Yanında çocuğu elinde iki poşetle pazardan ayrılan Dilan Şen, poşetlerini göstererek “ Üç tane domates, dört tane salatalık, bir kilo patates aldım. Bu aldıklarım beni sadece 2 gün idare edecek. Bir kaç hafta arayla pazara gelebiliyorum. Çoğu zaman hiçbir şey almadan geri dönüyorum. Beş öğrenci çocuğum var. Sadece bir kızım çalışıyor, onun maaşıyla geçiniyoruz” diyor.Dilan, var olan ekonomik krizin iktidarın politikalarından ayrı ele alınamayacağına vurgu yaparak “ Hukuk sağlansın, adalet sağlansın.
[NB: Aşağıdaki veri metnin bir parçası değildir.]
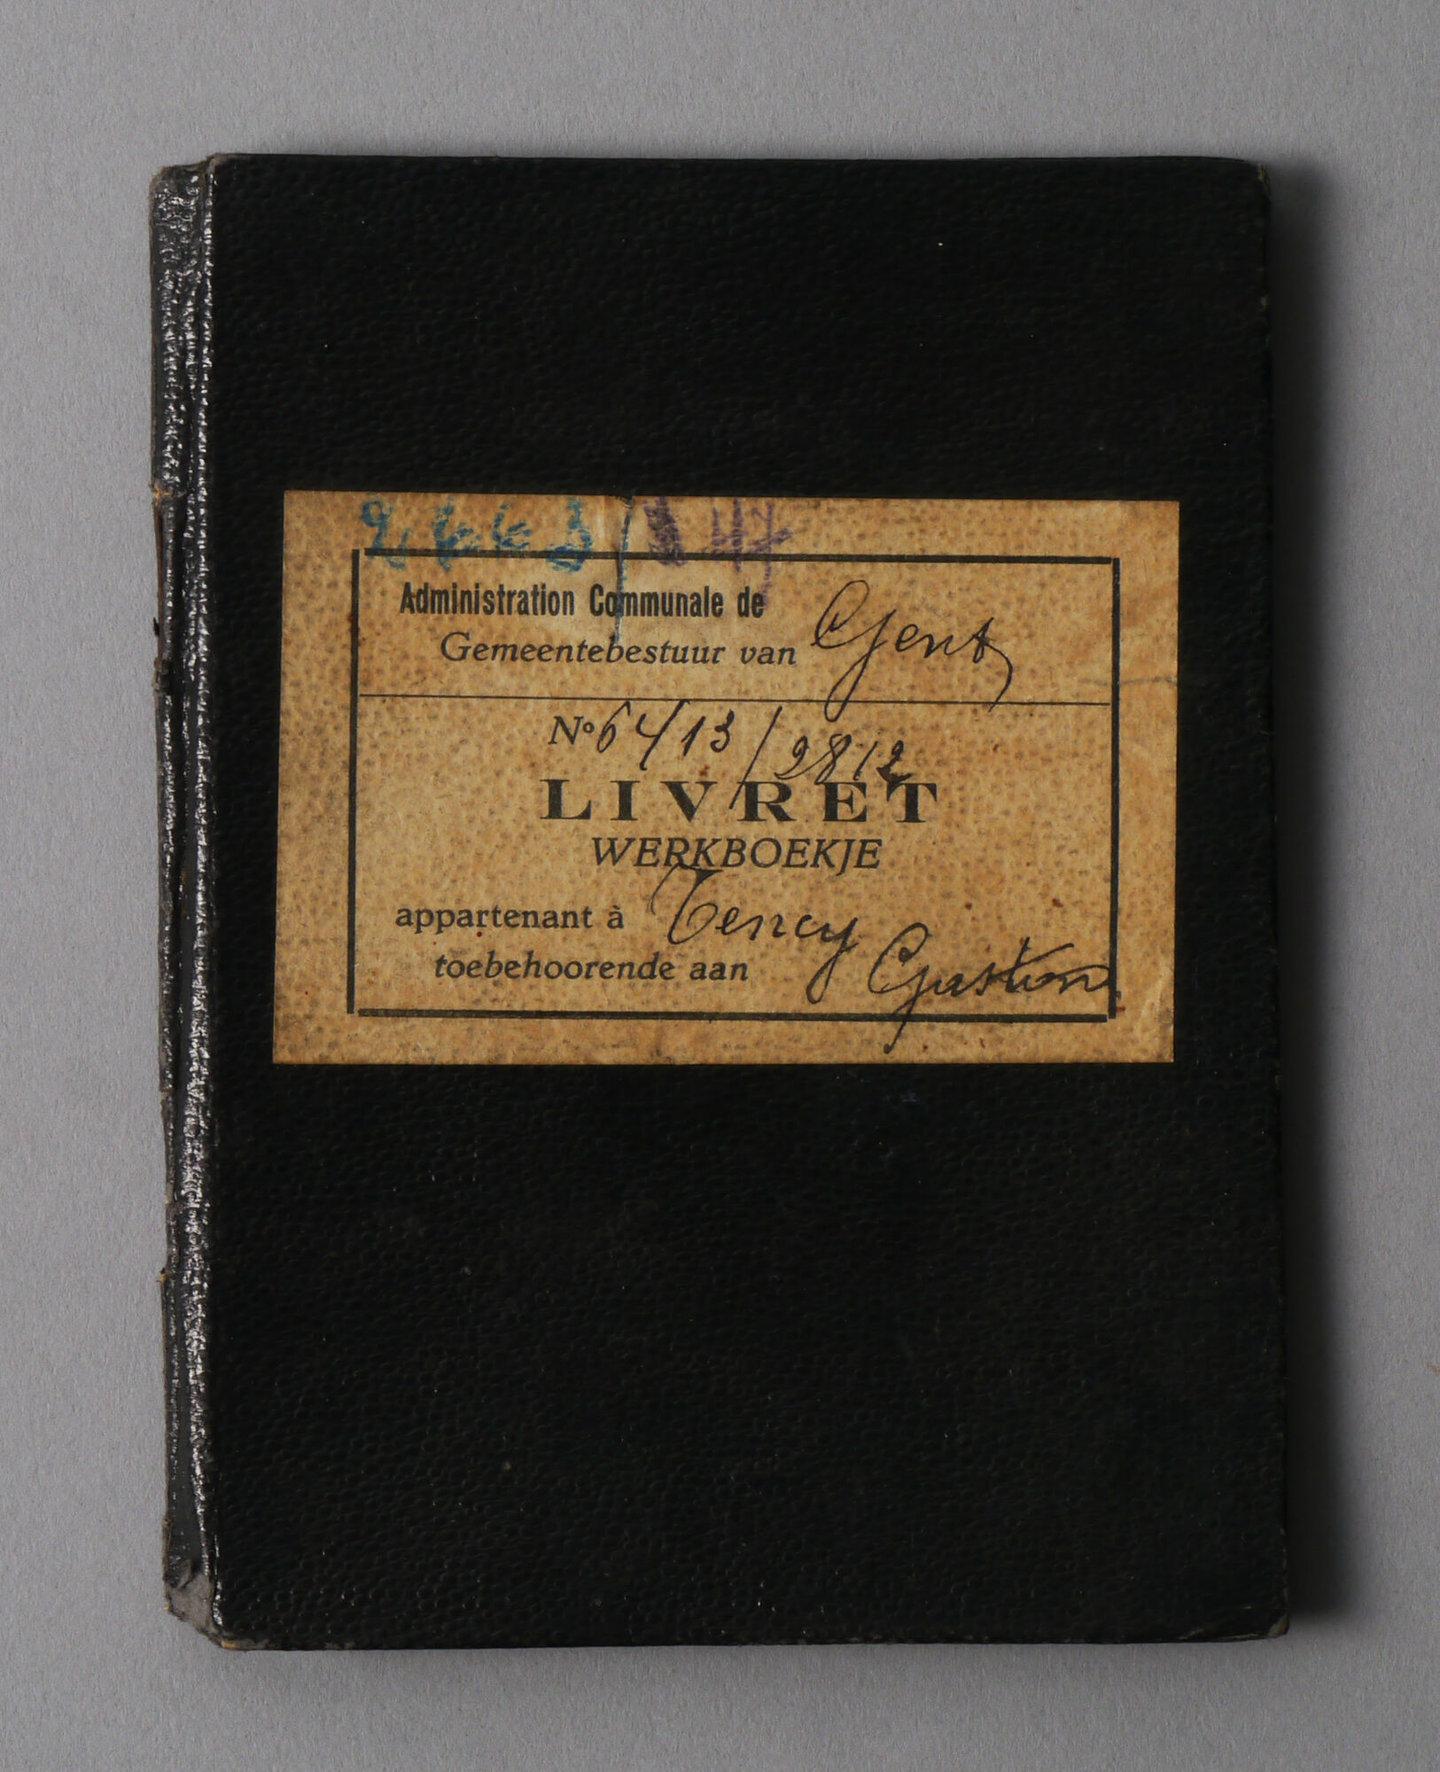 Werkboekje van Gaston Polydoor Tency

Biz artık rahat, güzel bir hayat sürmek istiyoruz. Hayat pahalı bu şekilde nereye kadar devam edecek” diye tepki gösteriyor. 
 
Fiyatlar yüksek, para yok
 
50 TL ile pazara alışverişe geldiğini ifade eden Hatice Peyan da “ Yalnızca şekerleme ve leblebi aldım. Başka bir şey alamadım. Param yok. Fiyatlar çok yüksek. Sebze alamadım. Her gün yemek pişirmek zorundayım” ifadelerini kullanıyor.
 
‘Her yerde savaş ve çatışma var’
 
Fiyatların artmasının ve ekonomik krizinin en önemli sebeplerinden birinin savaş politikaları olduğunu söyleyen Asiye Kaval ise şöyle konuşuyor: “ Seçimde eğer oyumuzu kendimize verirsek, birbirimize dürüst olup birlik olursak, bu savaş biter. Her şey Tayyip Erdoğan’ın elinde. Halk ne yapsın. Her yerde savaş, çatışma var. Barışın sağlanmasını istiyoruz. Başka bir şey istemiyoruz.”
 
‘Savaş sürdükçe kriz de yükselecek’
 
Her güne yeni bir zamla uyandıklarını söyleyen  Pakize Teymur, “ Evimiz kira. Yedi nüfuslu bir aileyiz. Hiçbir şey satın alamıyoruz. Savaş sürdükçe fiyatlar da artacak. Savaş istemiyoruz. Ne dağdakilerin annesi ağlasın, ne de asker annesi ağlasın. Savaş sürdükçe kriz de yükselecek” ifadelerini kullanıyor.
 
‘Çocuklarımız çoban dahi olamıyor’
 
Pazara 50 TL ile geldiğini belirten yurttaşlardan Makbule Erek, “ Çalışanım yok. Evin tek çalışanı benim, benim de sağlık sorunlarım var.  Çalışamıyorum. Bir kilo sebze alamıyorum.  Savaş durursa her şey düzelir. Barış sağlanırsa herkes iş güç sahibi olur. Her gün savaş, savaş nereye kadar. Çocuklarımız hiçbir şekilde iş bulamıyor” diyor. 
 
‘En son ot toplayıp yiyeceğiz’
 
Fiyatların artmasının yanı sıra, işsizliğin de büyük bir sorun olduğuna işaret eden Piroze, “ Geçinemiyoruz. En son köylerimize gidip ot toplayıp yiyeceğiz. Krizin son bulması için savaşın değil barışın sağlanması gerekir. Huzur ortamının oluşması gerekir” şeklinde konuşuyor.